Re: [PATCH 2/2] x86/retpoline,kprobes: Avoid treating rethunk as an indirect jump

From: Peter Zijlstra
Date: Thu Jul 06 2023 - 07:34:29 EST


On Thu, Jul 06, 2023 at 06:00:14PM +0900, Masami Hiramatsu wrote:
> On Thu, 6 Jul 2023 09:17:05 +0200
> Peter Zijlstra <peterz@xxxxxxxxxxxxx> wrote:
>
> > On Thu, Jul 06, 2023 at 09:47:23AM +0900, Masami Hiramatsu wrote:
> >
> > > > > If I understand correctly, all indirect jump will be replaced with JMP_NOSPEC.
> > > > > If you read the insn_jump_into_range, I onlu jecks the jump code, not call.
> > > > > So the functions only have indirect call still allow optprobe.
> > > >
> > > > With the introduction of kCFI JMP_NOSPEC is no longer an equivalent to a
> > > > C indirect jump.
> > >
> > > If I understand correctly, kCFI is enabled by CFI_CLANG, and clang is not
> > > using jump-tables by default, so we can focus on gcc. In that case
> > > current check still work, correct?
> >
> > IIRC clang can use jump tables, but like GCC needs RETPOLINE=n and
> > IBT=n, so effectively nobody has them.
>
> So if it requires RETPOLINE=n, current __indirect_thunk_start/end checking
> is not required, right? (that code is embraced with "#ifdef CONFIG_RETPOLINE")

Correct.

> >
> > The reason I did mention kCFI though is that kCFI has a larger 'indirect
> > jump' sequence, and I'm not sure we've thought about what can go
> > sideways if that's optprobed.
>
> If I understand correctly, kCFI checks only indirect function call (check
> pointer), so no jump tables. Or does it use indirect 'jump' ?

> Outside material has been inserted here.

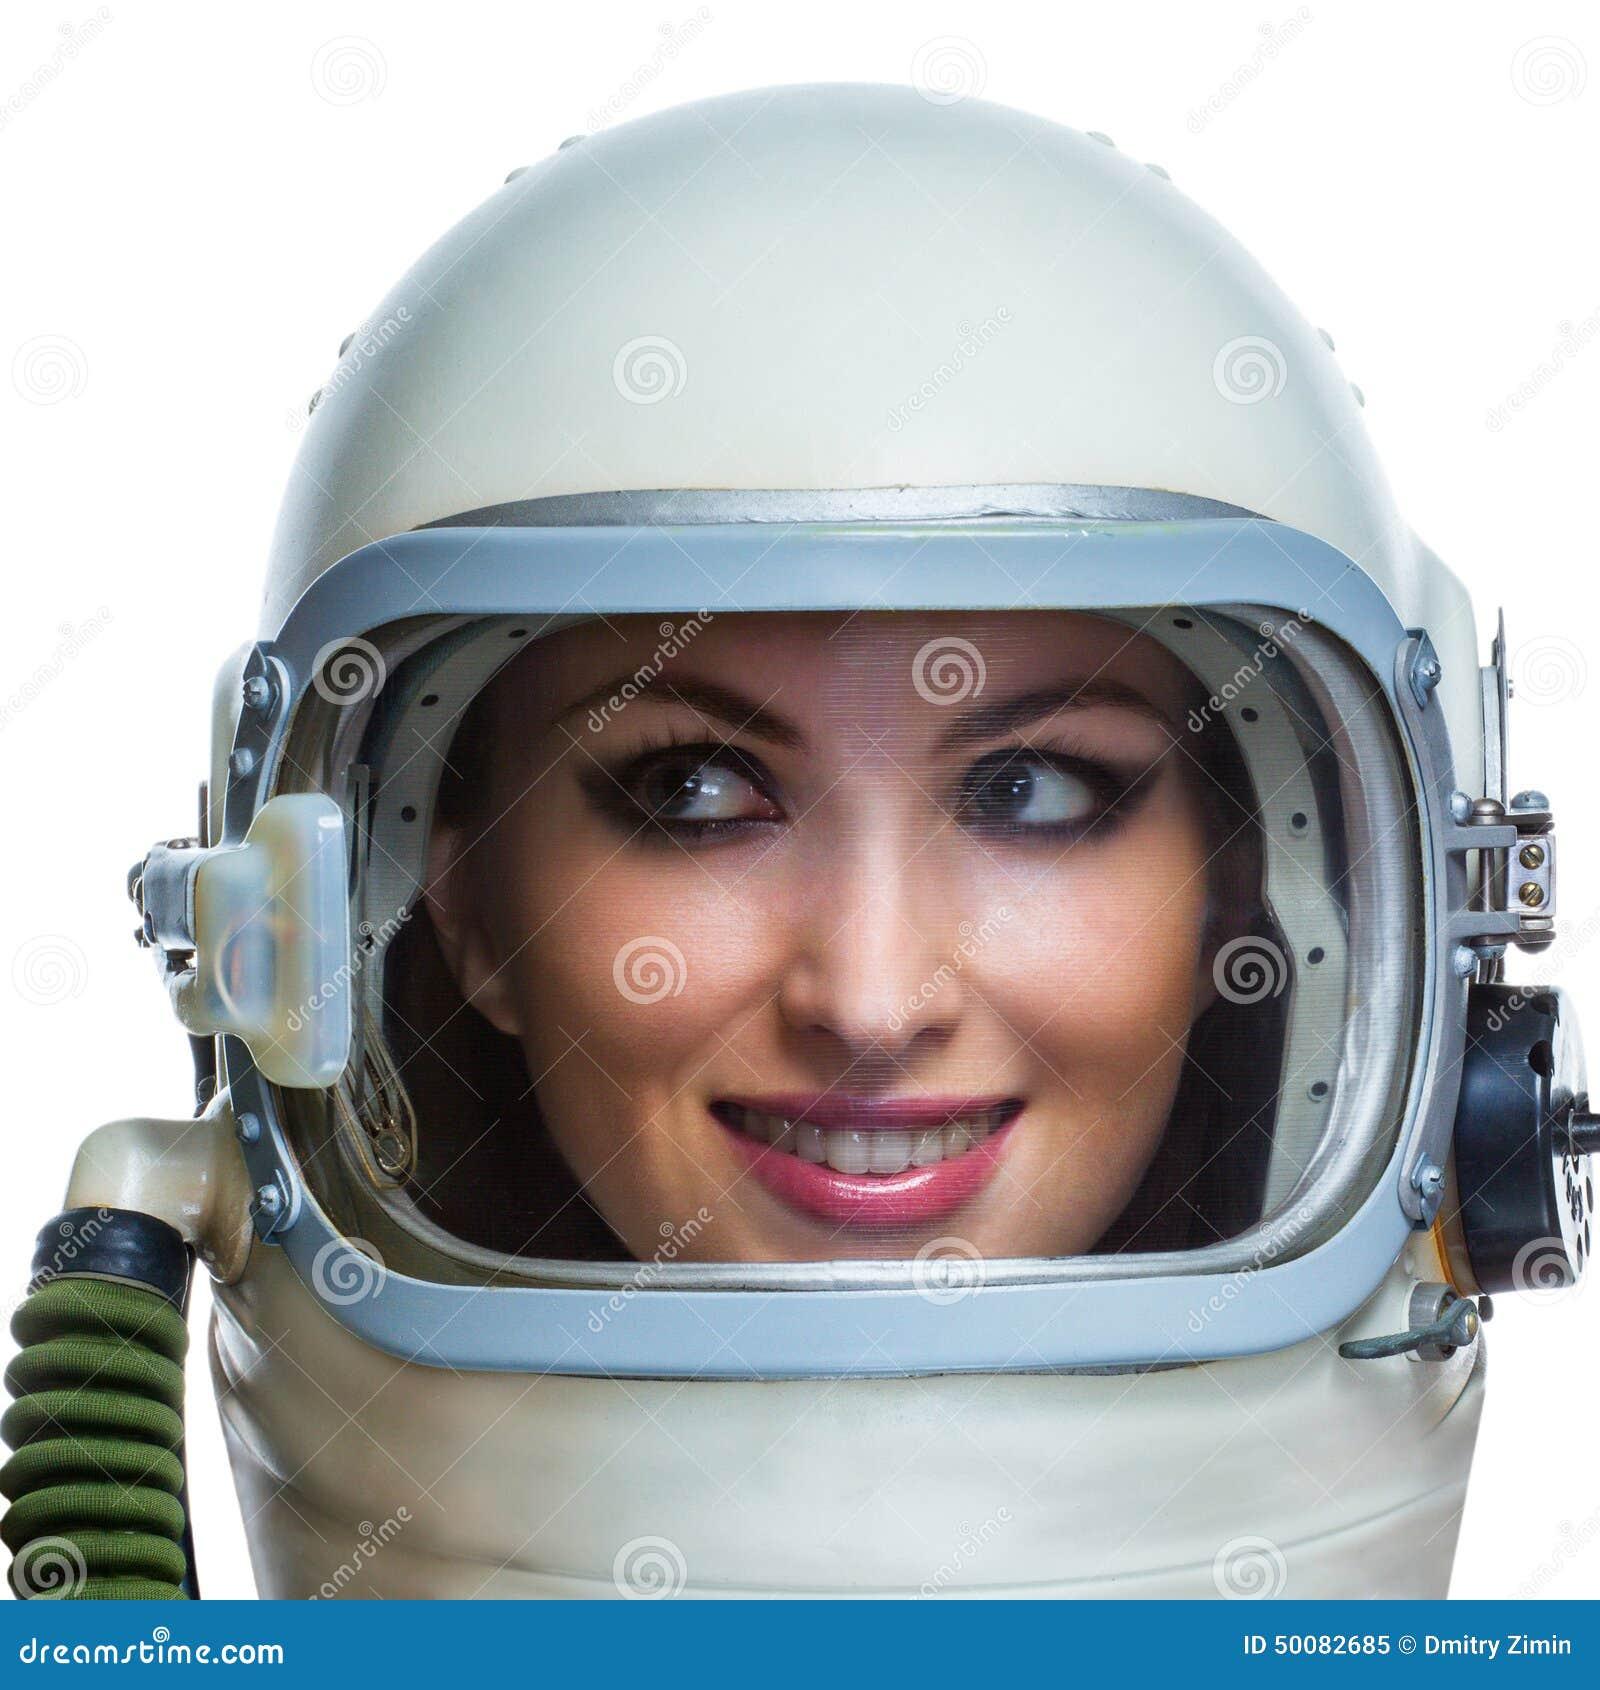 white women astronaut - photo #41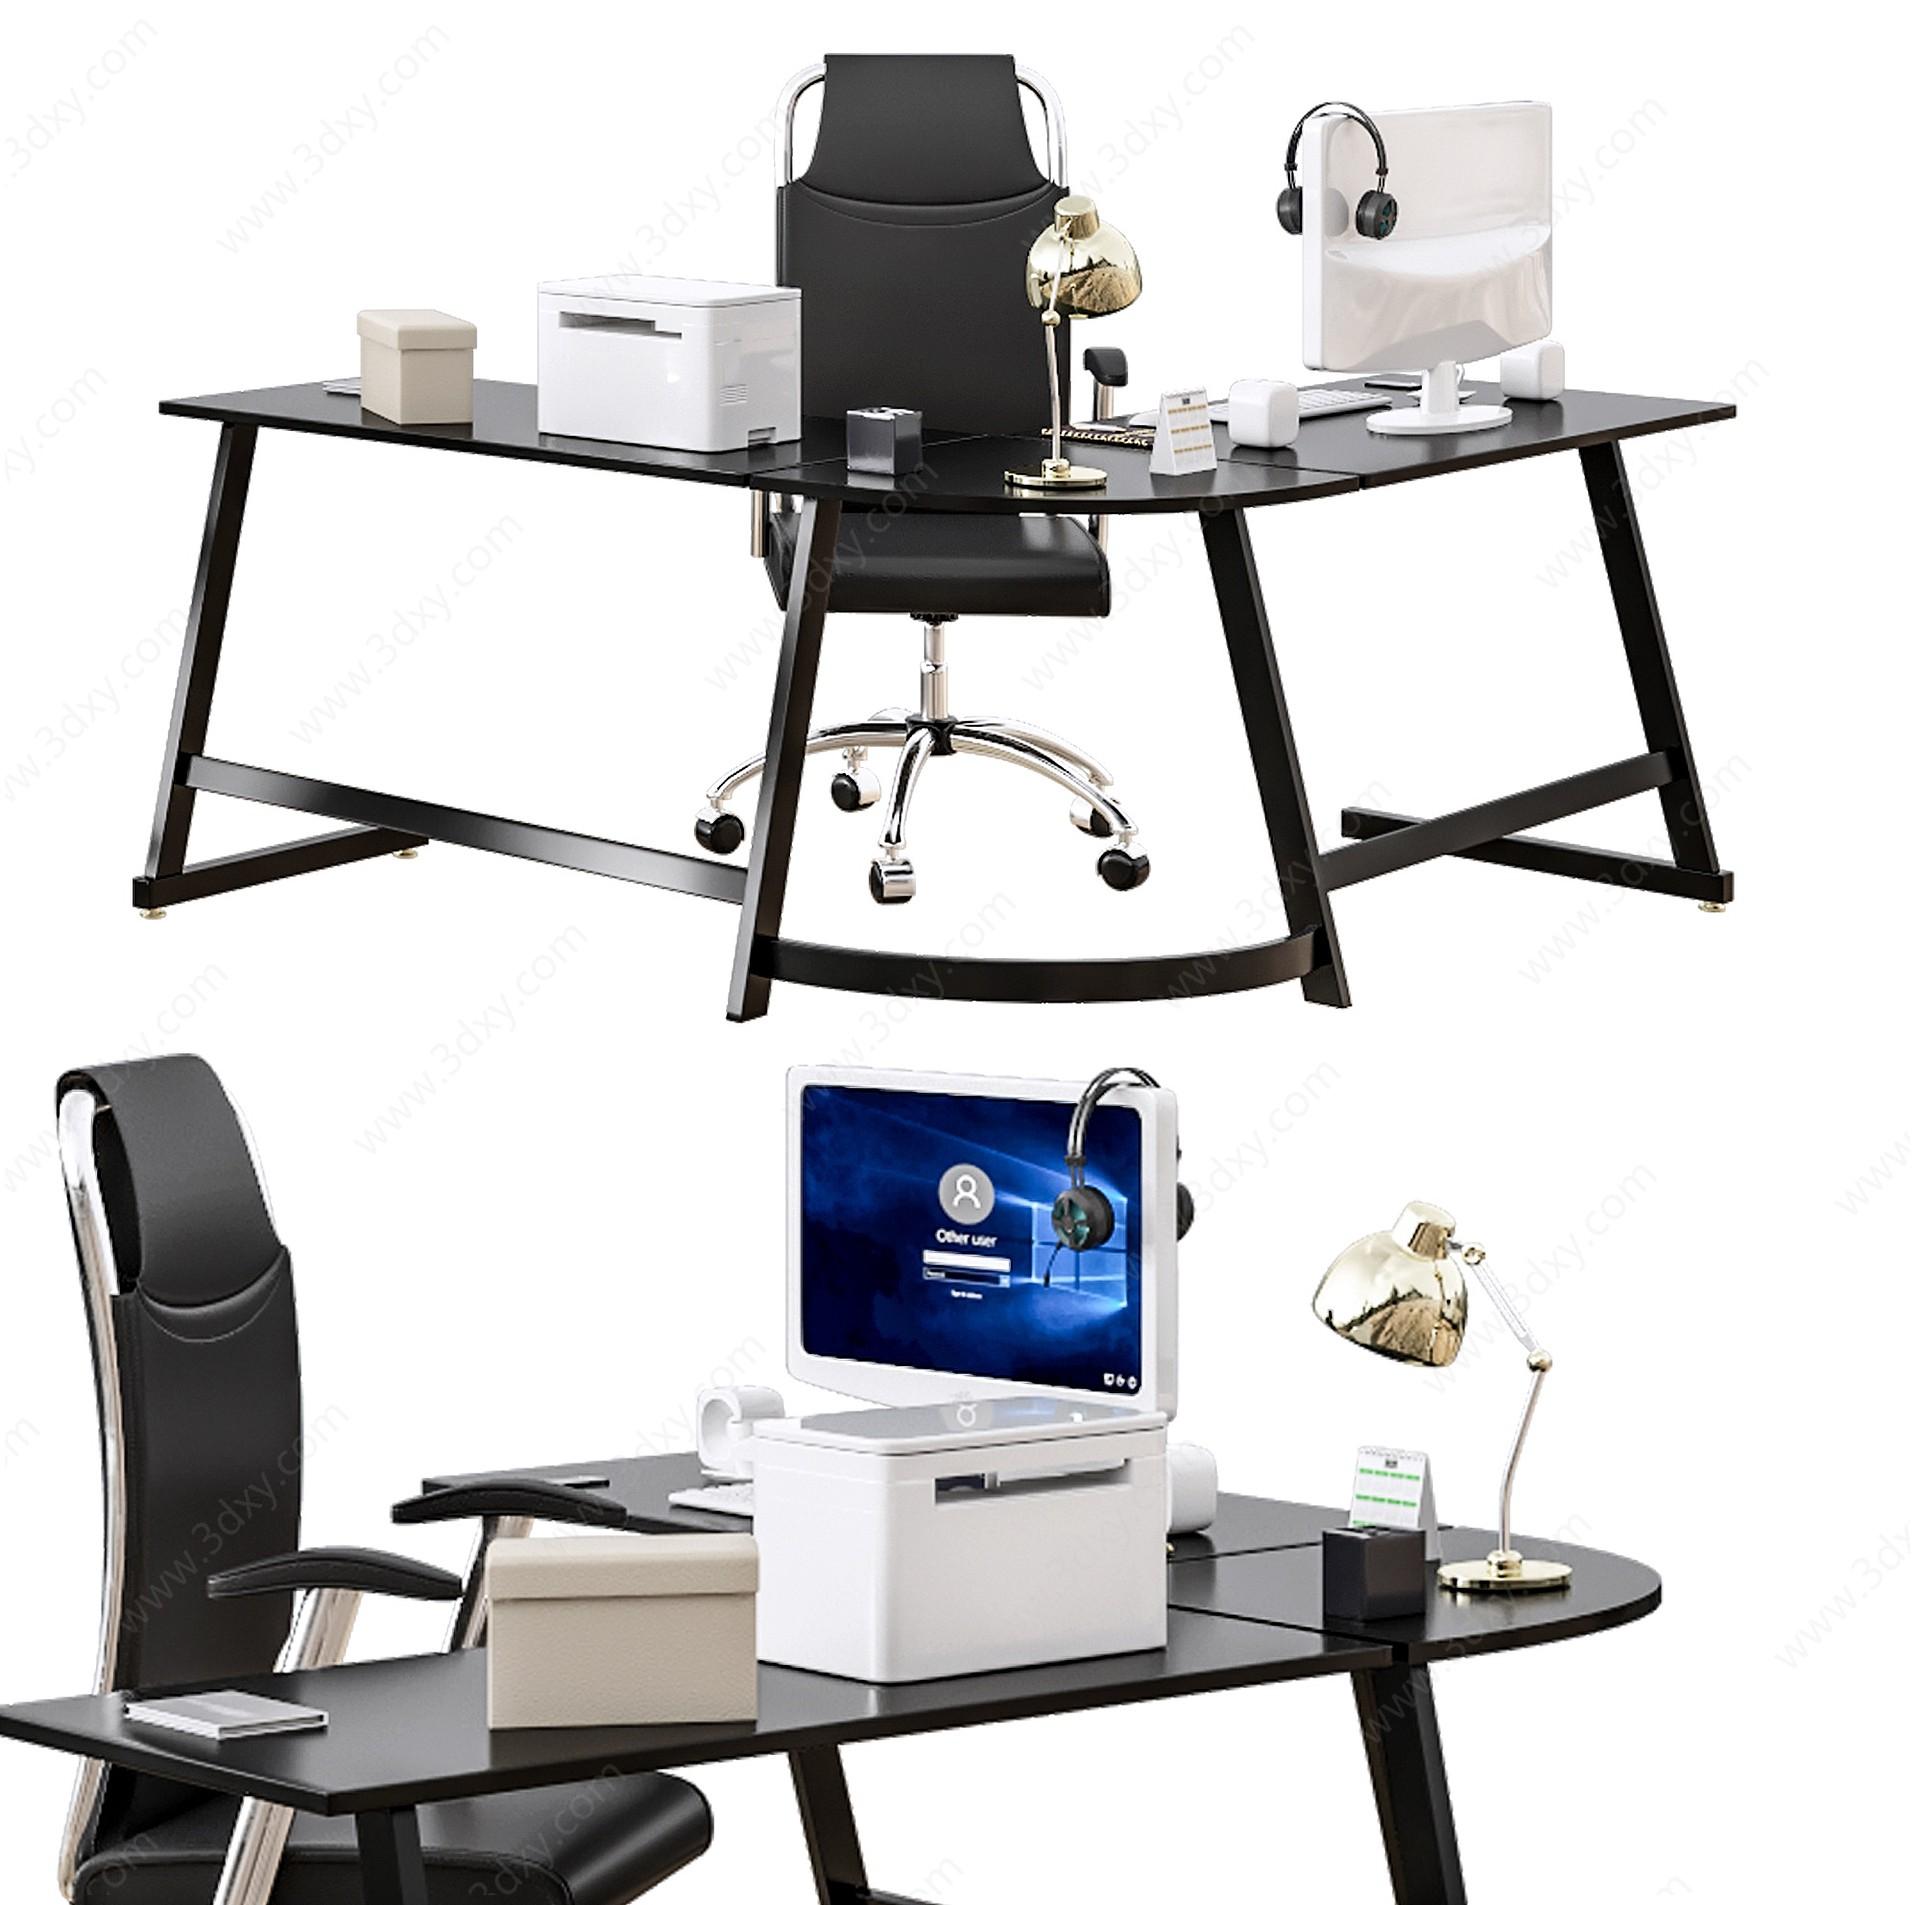 現代輕奢半圓弧經理辦公桌3D模型

Yes, it's indirect function calls only.

Imagine our function (bar) doing an indirect call, it will (as clang
always does) have the function pointer in r11:

bar:
...
movl $(-0x12345678),%r10d
addl -15(%r11), %r10d
je 1f
ud2
1: call __x86_indirect_thunk_r11



And then the function it calls (foo) looks like:

__cfi_foo:
movl $0x12345678, %eax
.skip 11, 0x90
foo:
endbr
....



So if the caller (in bar) and the callee (foo) have the same hash value
(0x12345678 in this case) then it will be equal and we continue on our
merry way.

However, if they do not match, we'll trip that #UD and the
handle_cfi_failure() will try and match the address to
__{start,stop}__kcfi_traps[]. Additinoally decode_cfi_insn() will try
and decode that whole call sequence in order to obtain the target
address and typeid (hash).

optprobes might disturb this code.

> > I suspect the UD2 that's in there will go 'funny' if it's relocated into
> > an optprobe, as in, it'll not be recognised as a CFI fail.
>
> UD2 can't be optprobed (kprobe neither) because it can change the dumped
> BUG address...

Right, same problem here. But could the movl/addl be opt-probed? That
would wreck decode_cfi_insn(). Then again, if decode_cfi_insn() fails,
we'll get report_cfi_failure_noaddr(), which is less informative.

So it looks like nothing too horrible happens...